Try — Assurance comes from experience. And experience is one of the greatest sources of trustworthiness.

Unconditional — Like “no strings attached,” this word implies that there’s nothing hidden; it is what it is. People trust simplicity.

Understand — The issue of empathy again comes into play with this word, introducing a sense of relatedness and assurance.

Verify/Veracity — Like “proven” and “tested,” the fact that your product or service has been verified indicates that a third party vouches for its trustworthiness.

Value — The word “value” reinforces the idea that someone is getting a good deal.

Warranty — This word signals that you stand behind your product or service. That you trust it is good. That you promise some relief if it fails lessens the risk of a purchase.

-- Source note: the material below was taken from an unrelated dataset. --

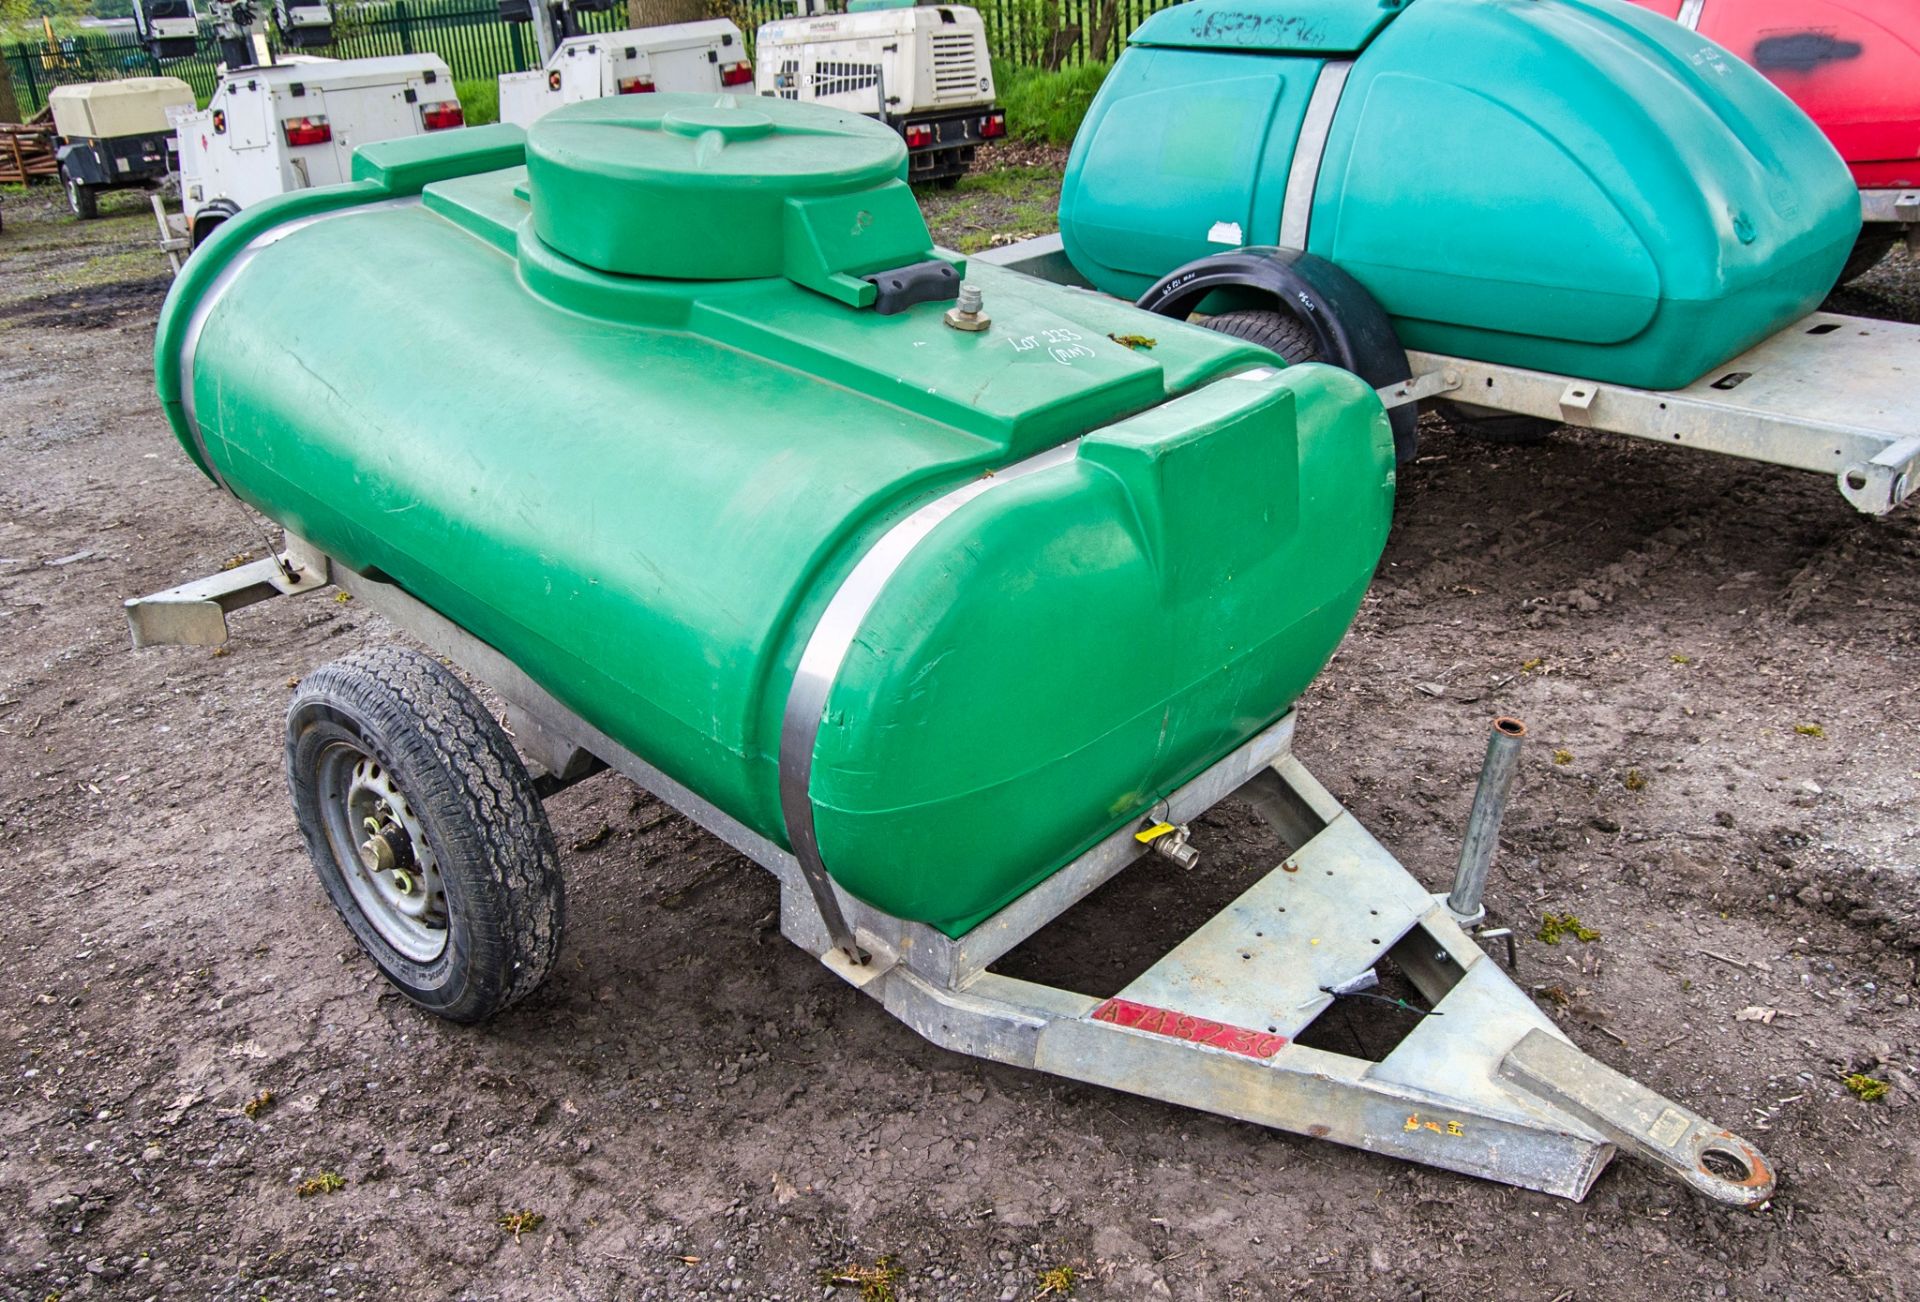 Trailer Engineering 1000 litre site tow mobile water bowser A748236 - Bild 2 aus 6

You (also I, me, my; i.e., use of first person and second person) — People trust people, and when you indicate that you are a person, you will be better able to create a sense of trust. It has been said that “you” is  the most powerful word in the English language. Copywriters attest to the powerful nature of the word “you” in headlines and advertising copy. Use of the first-person can also enhance trust. When first-person voice is used, as in testimonials, it creates a feeling of understanding and sympathy with the user.

A caveat

I want to end this article with a caveat.

You can’t fake trust. Trust either is or it isn’t. The very definition and reality of trust implies its genuine status. Words not backed by reality are meaningless. A message that sounds “trusting” but is not backed by the trustworthy action serves only to emphasize how untrustworthy the business really is.

You can use these words — and you should — to shape trust. But you can’t expect to build trust on words alone.